You are given two integer arrays nums1 and nums2 where nums2 is an anagram of nums1. Both arrays may contain duplicates.

Return an index mapping array mapping from nums1 to nums2 where mapping[i] = j means the ith element in nums1 appears in nums2 at index j. If there are multiple answers, return any of them.

An array a is an anagram of an array b means b is made by randomizing the order of the elements in a.

 

Example 1:

Input: nums1 = [12,28,46,32,50], nums2 = [50,12,32,46,28]
Output: [1,4,3,2,0]
Explanation: As mapping[0] = 1 because the 0th element of nums1 appears at nums2[1], and mapping[1] = 4 because the 1st element of nums1 appears at nums2[4], and so on.

Example 2:

Input: nums1 = [84,46], nums2 = [84,46]
Output: [0,1]

 

Constraints:

  • 1 <= nums1.length <= 100
  • nums2.length == nums1.length
  • 0 <= nums1[i], nums2[i] <= 105
  • nums2 is an anagram of nums1.

Solutions

Solution 1: Hash Table

We use a hash table \(\textit{d}\) to store each element of the array \(\textit{nums2}\) and its corresponding index.

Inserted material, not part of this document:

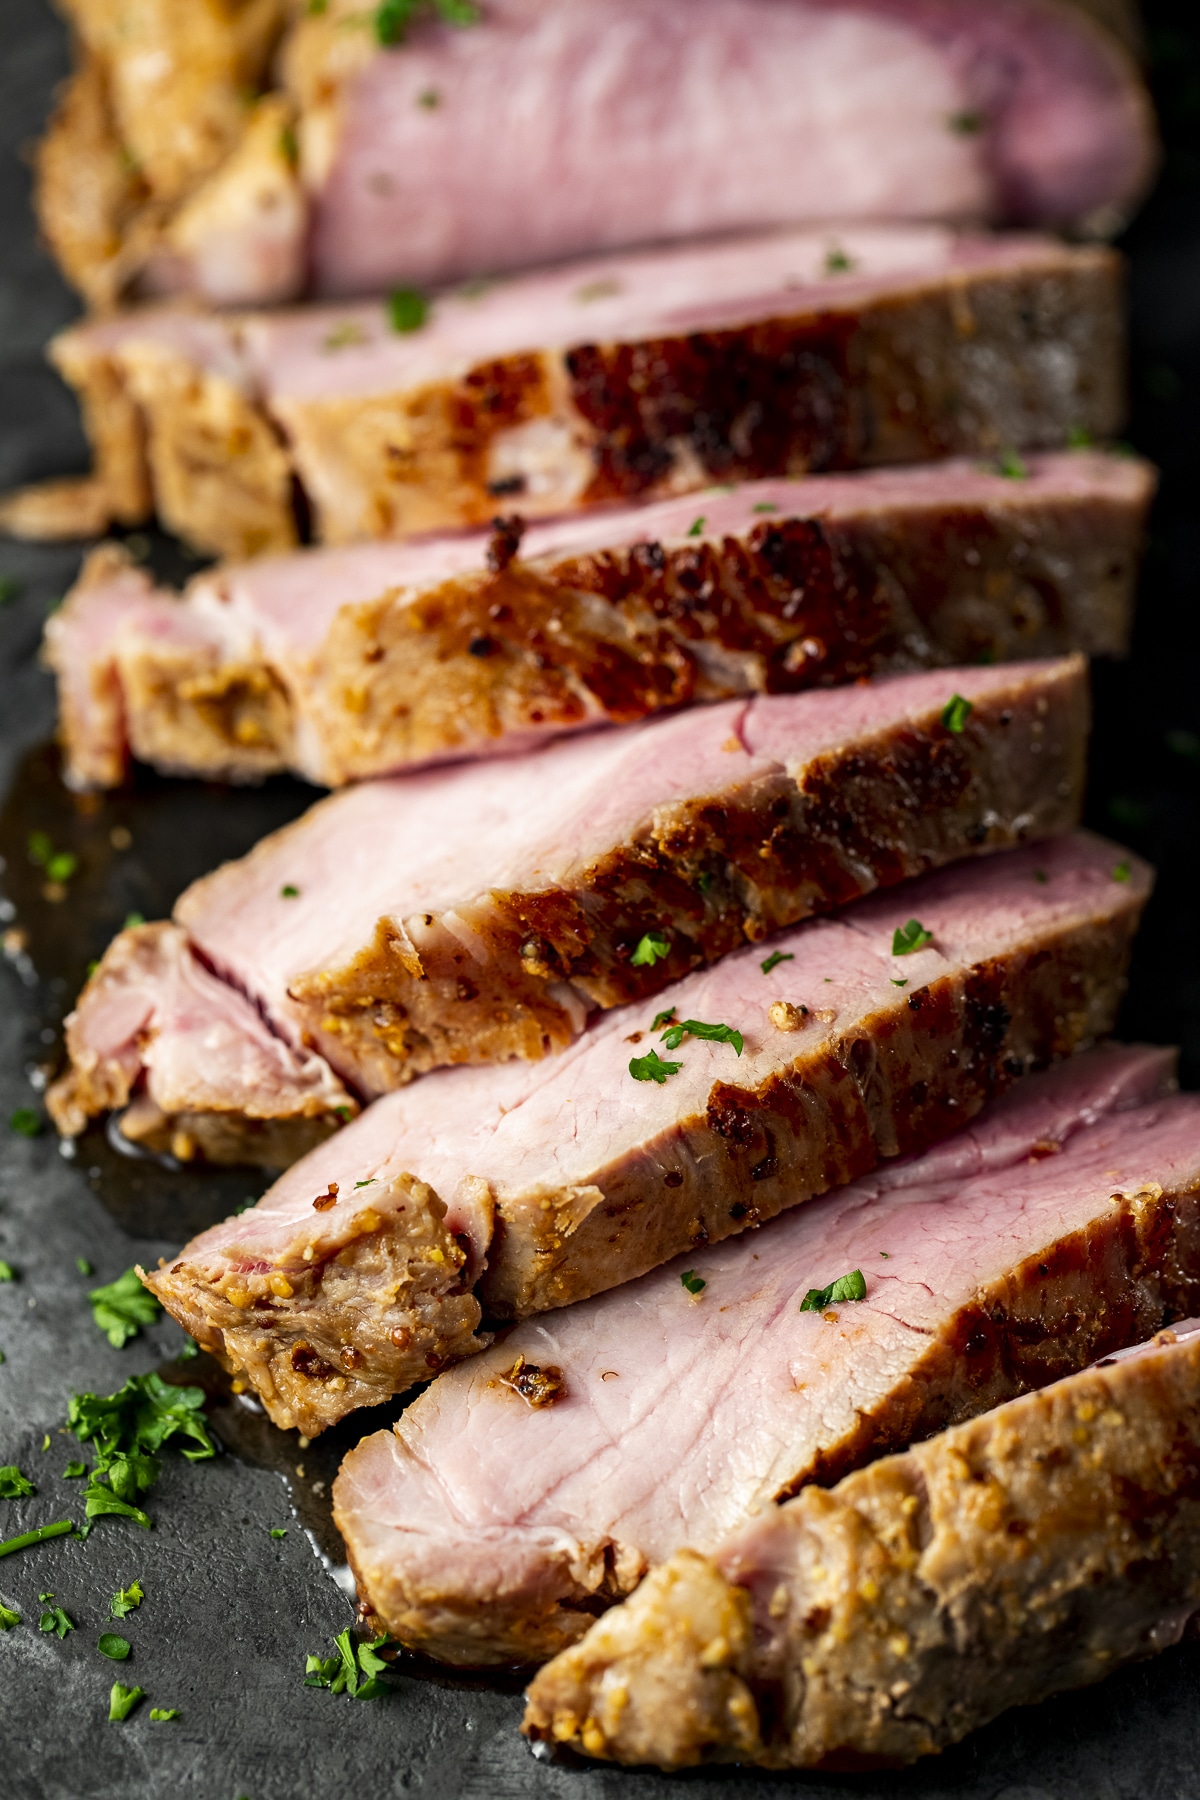 Slices of pork loin roast garnished with fresh parsley.

Then we iterate through the array \(\textit{nums1}\), and for each element \(\textit{nums1}[i]\), we retrieve its corresponding index from the hash table \(\textit{d}\) and store it in the result array.

The time complexity is \(O(n)\) and the space complexity is \(O(n)\), where \(n\) is the length of the array.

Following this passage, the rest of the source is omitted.